Some law enforcement and intelligence agencies across the world are experimenting with artificial intelligence to identify people using voice recordings and big data. But what if there’s no match? AI systems can still provide valuable input. For instance, researchers at MIT have demonstrated a novel machine-learning algorithm that can synthesize a person’s portrait based solely on a short audio recording of their voice.
Researchers at MIT’S Computer Science and Artificial Intelligence Laboratory (CSAIL) first trained their deep neural network by feeding it millions of videos scraped from YouTube showing people speaking in front of the camera. This huge swath of data trained the AI to correlate certain sound characteristics with facial features corresponding to age, gender, or ethnicity.
Throughout this process, there was no human intervention apart from the initial task of correlating voice and facial features. The AI learned all of this by itself with no external supervision, not even the labeling of subsets of data.
To test the system, the researchers designed a face decoder that reconstructs a speaker’s face from a still frame, regardless of its lighting or pose. This digital reconstruction was then compared to synthesized portraits solely from a speaker’s voice, with striking results that you can see in these images.
The synthesized faces are generic, meaning the produced images are not of specific individuals as those produced by the decoder. Nevertheless, they still manage to capture the basic facial features of a speaker such as skin color, gender, and age. The longer the voice recordings were, the more accurate the synthesized portrait proved to be.

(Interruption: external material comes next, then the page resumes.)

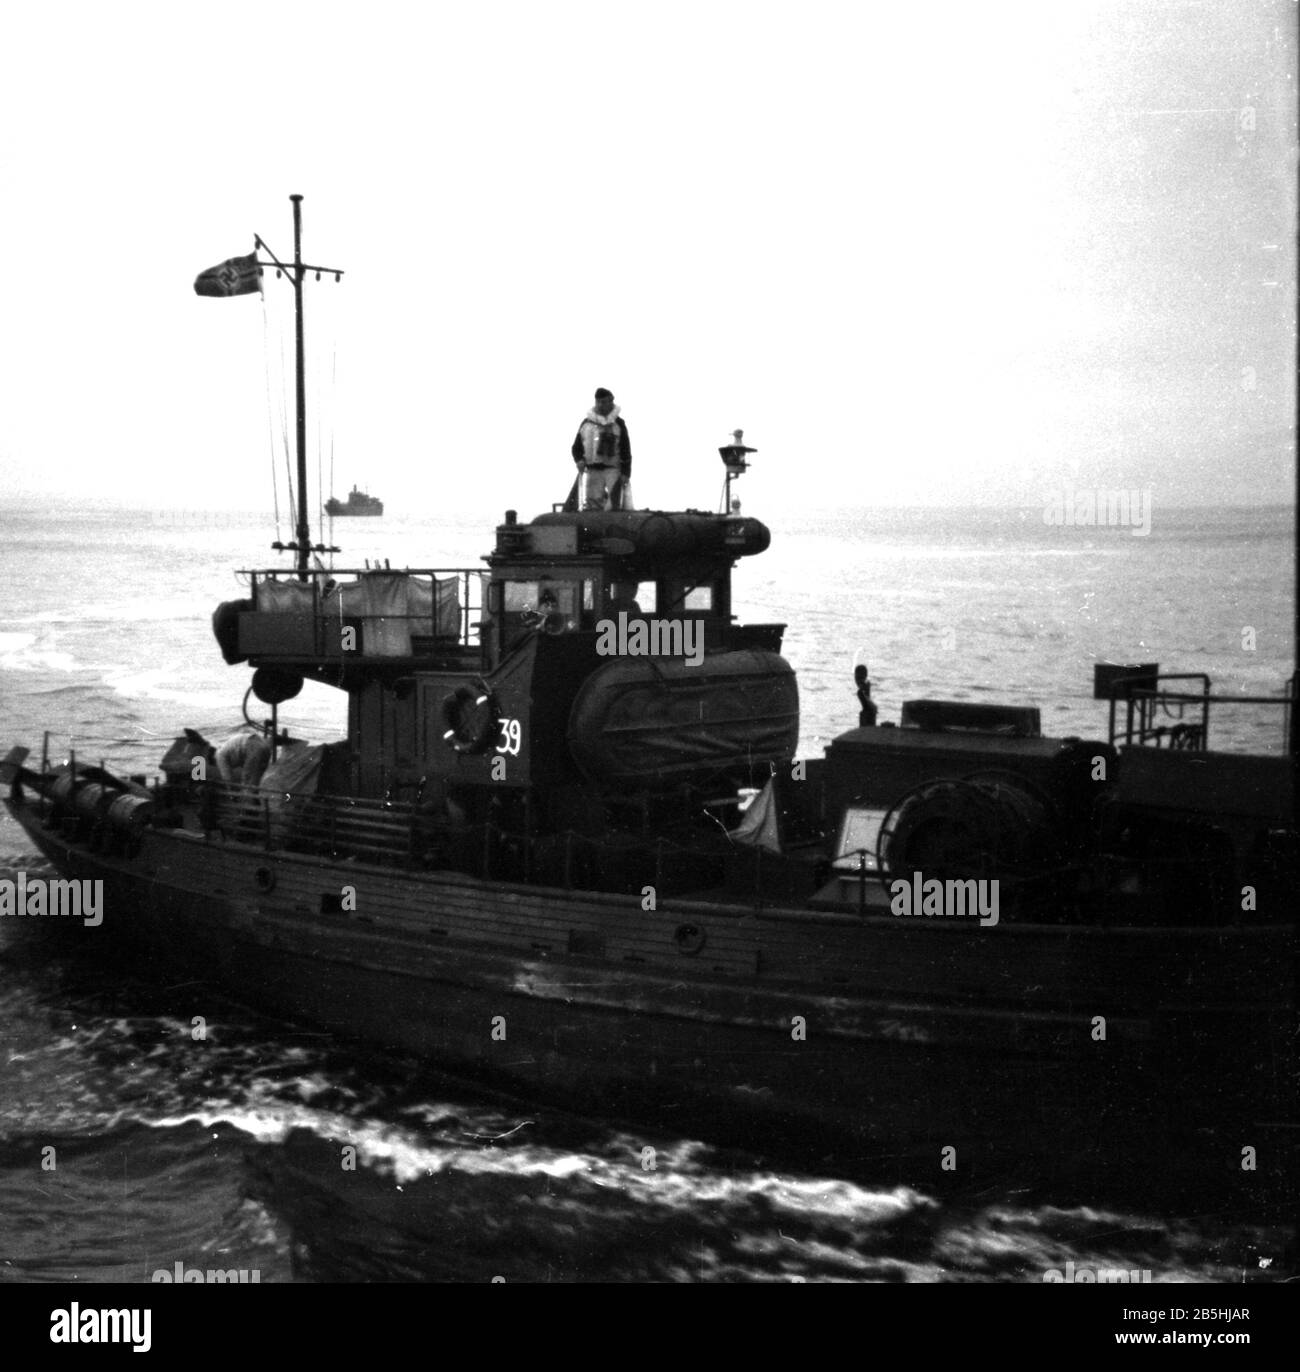 Kriegsfischkutter KFK 39 Deutsche Kriegsmarine / Germany Navy War Fishing Cutter Stock Photo

But there were also plenty of mismatches. High-pitched voices were often identified as female, even in cases when they came from males, such as young boys. Asian men who spoke in American English had portraits resembling white males, but this did not happen when the Asian voice spoke in Chinese.
The AI may remind some of their racist uncle, and the researchers are aware of these biases and are looking to overcome these limitations. Improving the system’s accuracy is a matter of providing more training data that is representative of the general population.
Until these limitations are addressed, real-world applications of this AI system should be treated with care. One possible use could be to make interactions between humans and machines more appealing. Machine-generated voices used by home devices and virtual assistants could now be given an appropriate face. Law enforcement could use this neural network to generate a portrait of a suspect when the only evidence is a voice recording. However, any government use will be sure to be met with criticism surrounding privacy and ethics.
“We believe that generating faces, as opposed to predicting specific attributes, may provide a more comprehensive view of voice face correlations and can open up new research opportunities and applications,” the MIT authors wrote in the description of their project called Speech2Face.